Two-state folding kinetics indicative of both fast-folding and slow-folding populations in the unfolded or denatured state.
"Double-jump" assays in which proline-containing proteins are unfolded and refolded, and the population of non-native proline conformations are studied as a function of the extent of folding.
Acceleration of the in vitro folding rate by the addition of a prolyl isomerase.
Acceleration of the in vitro folding rate in mutant protein variants with one or more proline residues replaced by another amino acid.
It is important to note that not every proline peptide bond is critical to the structure or function of a protein, and not every such bond has a significant influence on folding kinetics, especially trans bonds. Furthermore, some prolyl isomerases have a degree of sequence specificity and therefore may not catalyze the isomerization of prolines in certain sequence contexts.

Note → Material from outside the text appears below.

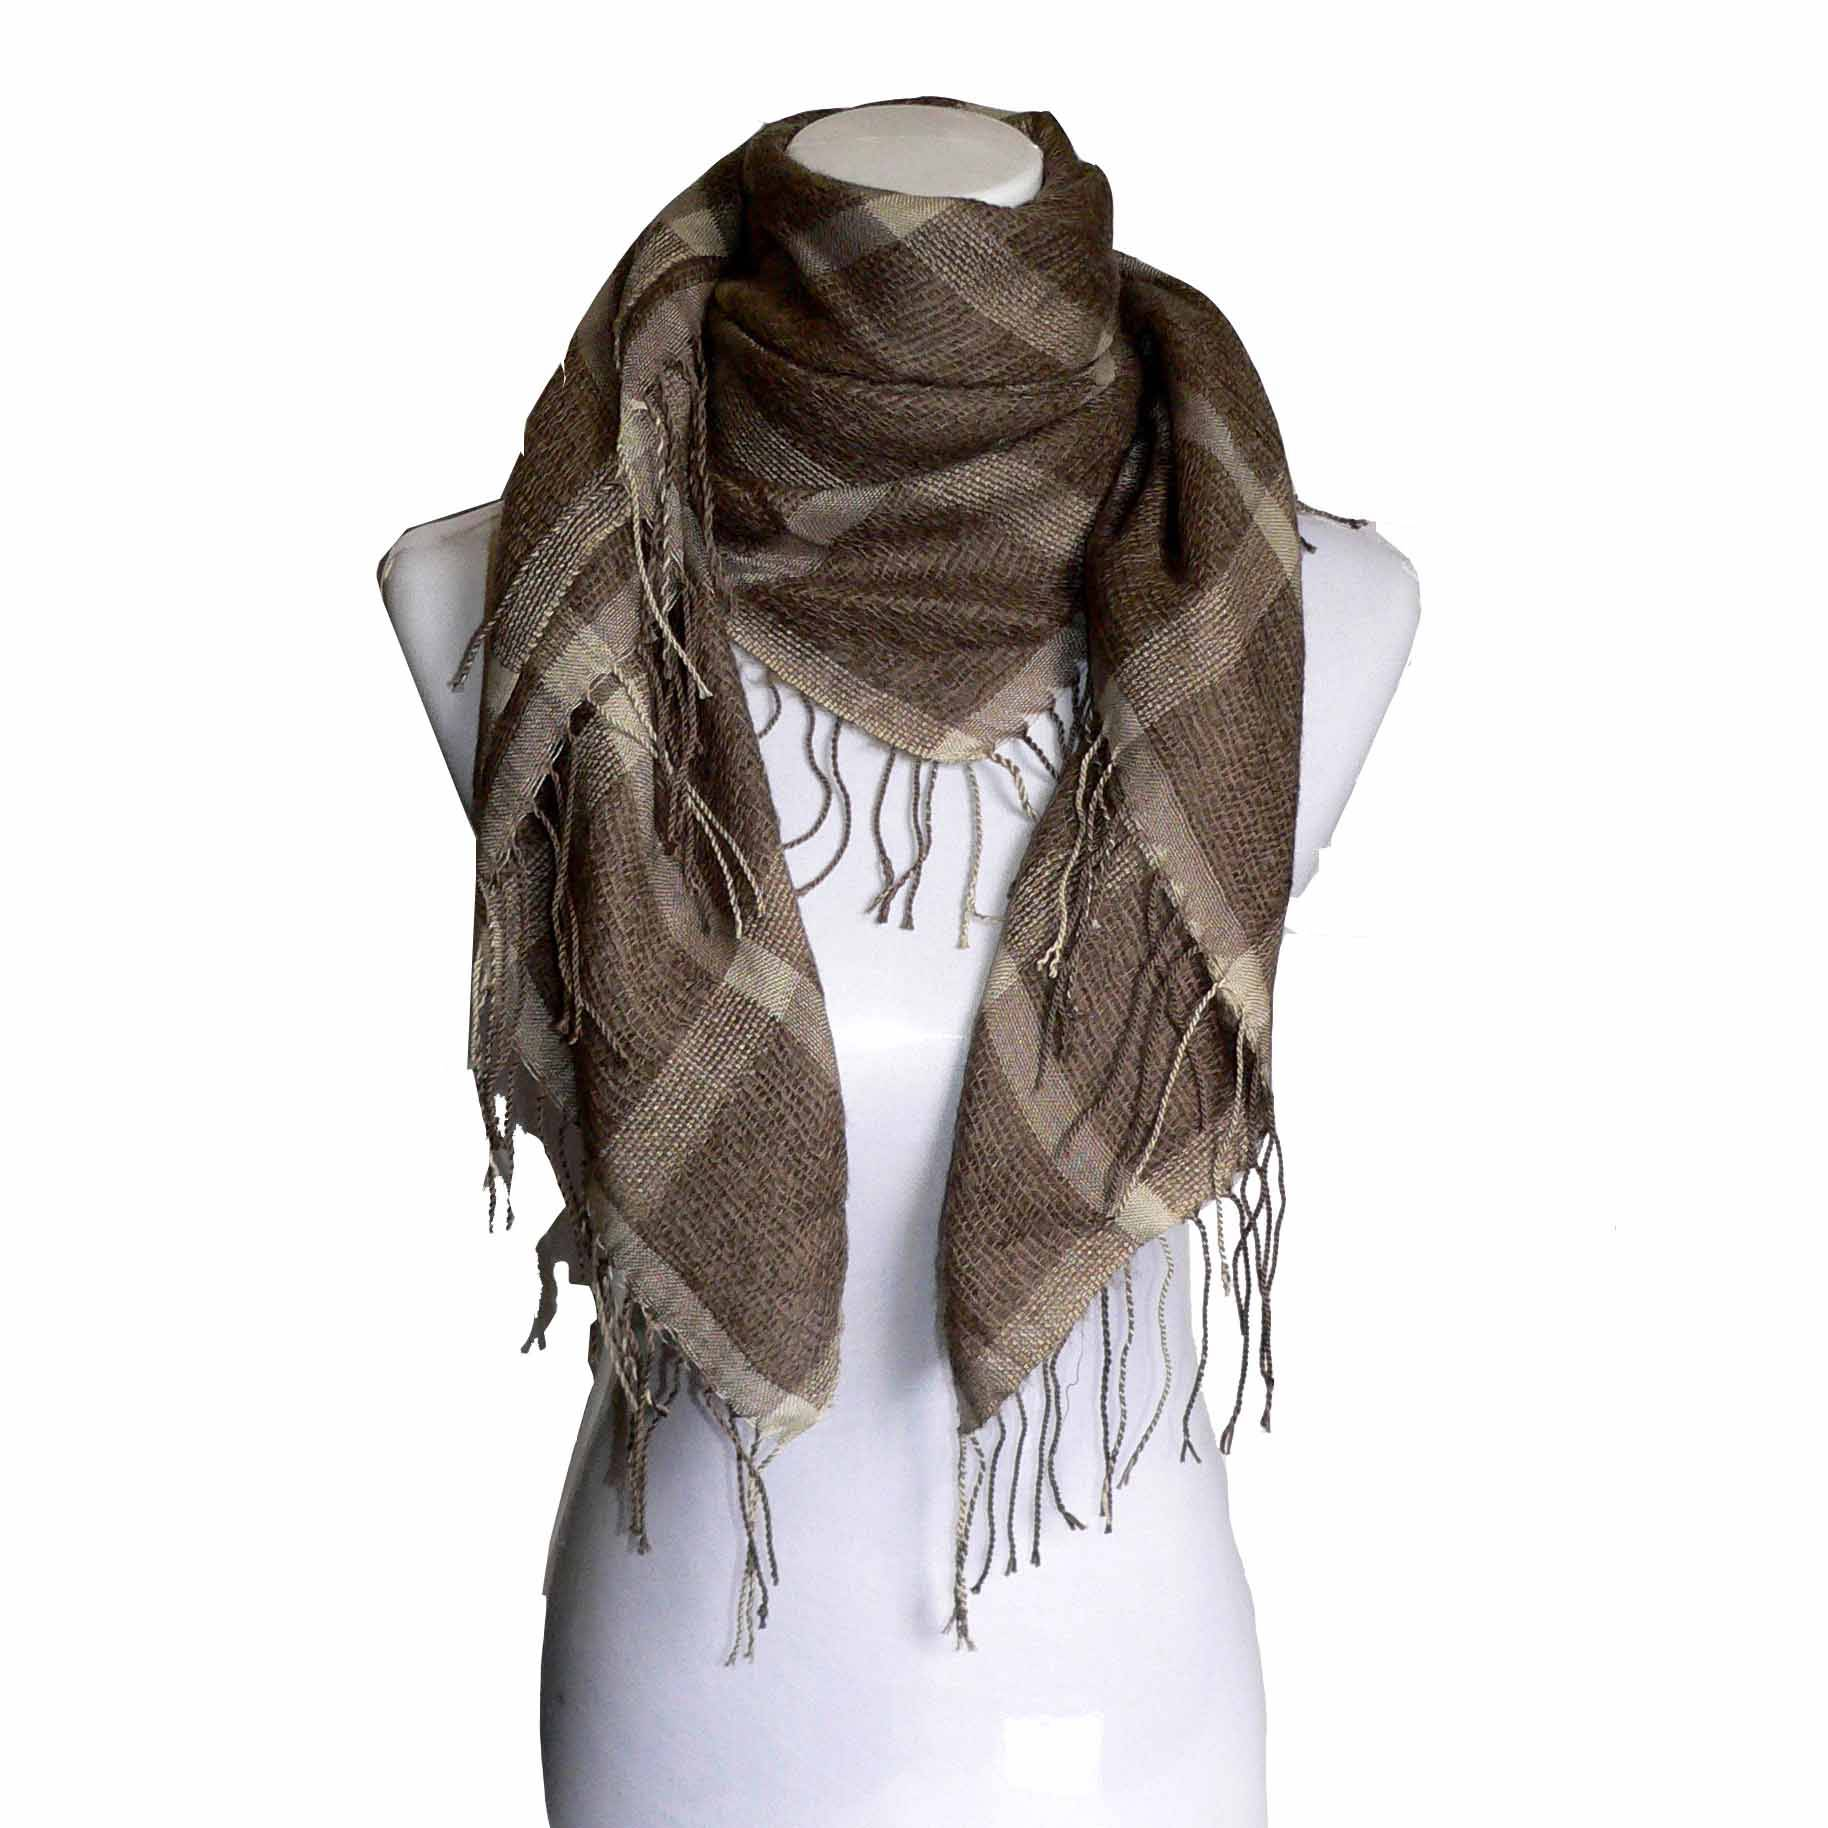 Mohair grid scarf
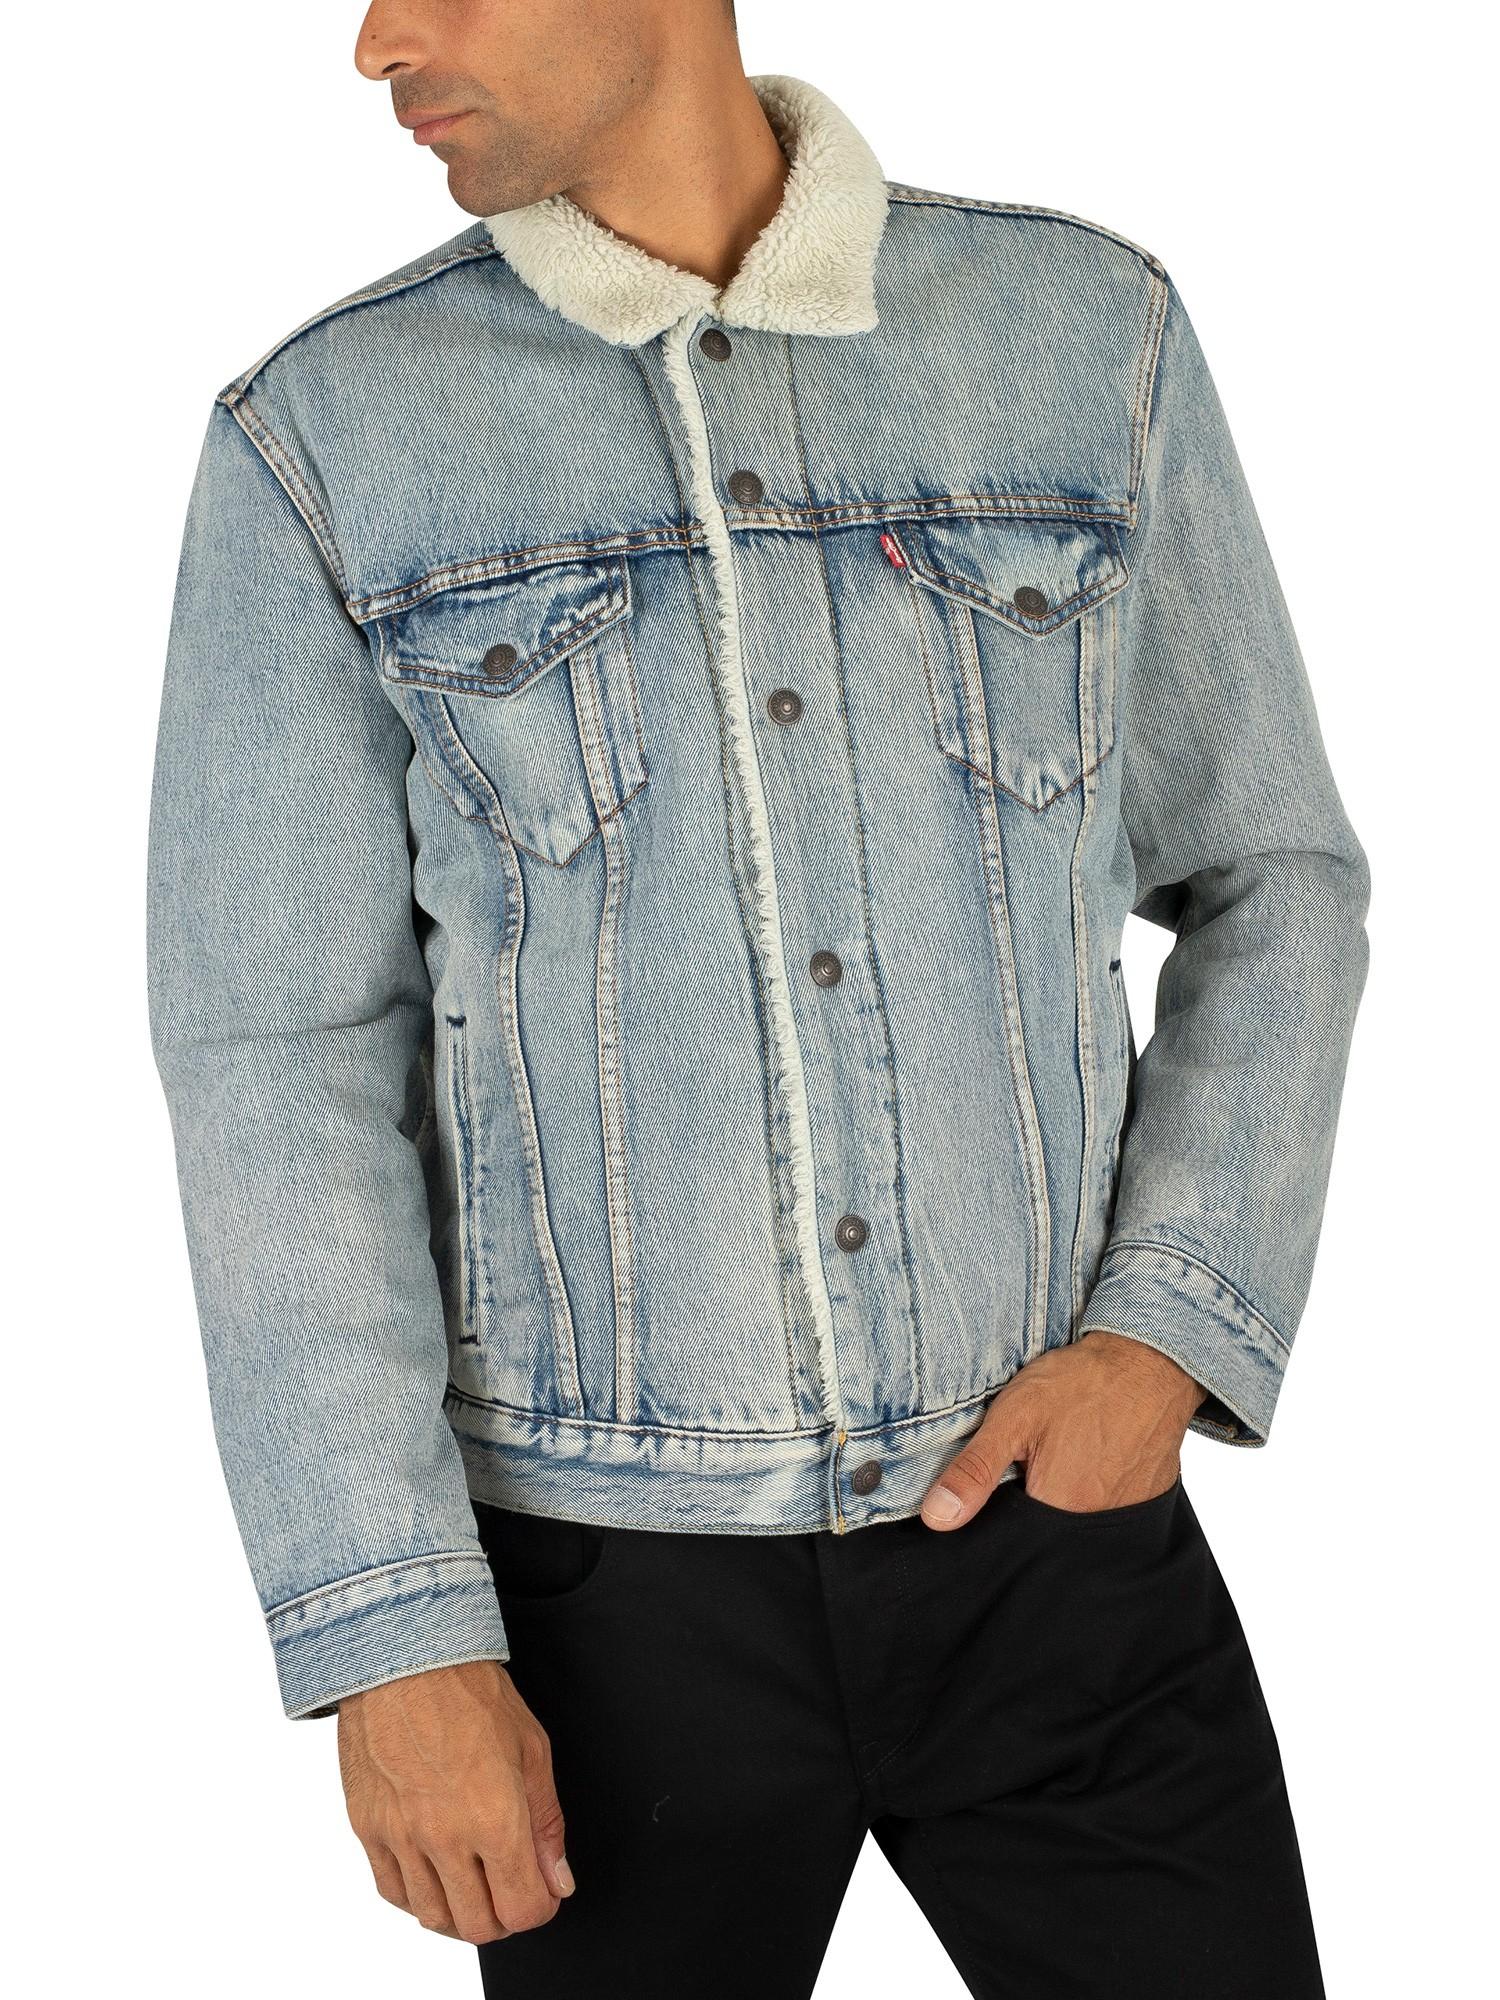 Levi's Sherpa Trucker Jacket £57.95 @ Stonebridge

Assays for prolyl isomerase activityEdit
Prolyl isomerase activity was first discovered using a chymotrypsin-based assay. The proteolytic enzyme chymotrypsin has a very high substrate specificity for the four-residue peptide Ala-Ala-Pro-Phe only when the proline peptide bond is in the trans state. Adding chymotrypsin to a solution containing a reporter peptide with this sequence results in the rapid cleavage of about 90% of the peptides, while those peptides with cis proline bonds - about 10% in aqueous solution - are cleaved at a rate limited by uncatalyzed proline isomerization. The addition of a potential prolyl isomerase will accelerate this latter reaction phase if it has true prolyl isomerase activity.
ReferencesEdit
^Fischer G, Schmid FX (1990). "The mechanism of protein folding. Implications of in vitro refolding models for de novo protein folding and translocation in the cell". Biochemistry. 29 (9): 2205–2212. doi:10.1021/bi00461a001. PMID 2186809.
Further readingEdit
Balbach J, Schmid FX (2000). "Proline isomerizarion and its catalysis in protein folding". In Pain RH (ed.). Mechanisms of protein folding (2nd ed.). Oxford [Oxfordshire]: Oxford University Press. ISBN0-19-963788-1.
Fischer G, Bang H, Mech C (1984). "[Determination of enzymatic catalysis for the cis-trans-isomerization of peptide binding in proline-containing peptides]". Biomed. Biochim. Acta (in German). 43 (10): 1101–11. PMID 6395866.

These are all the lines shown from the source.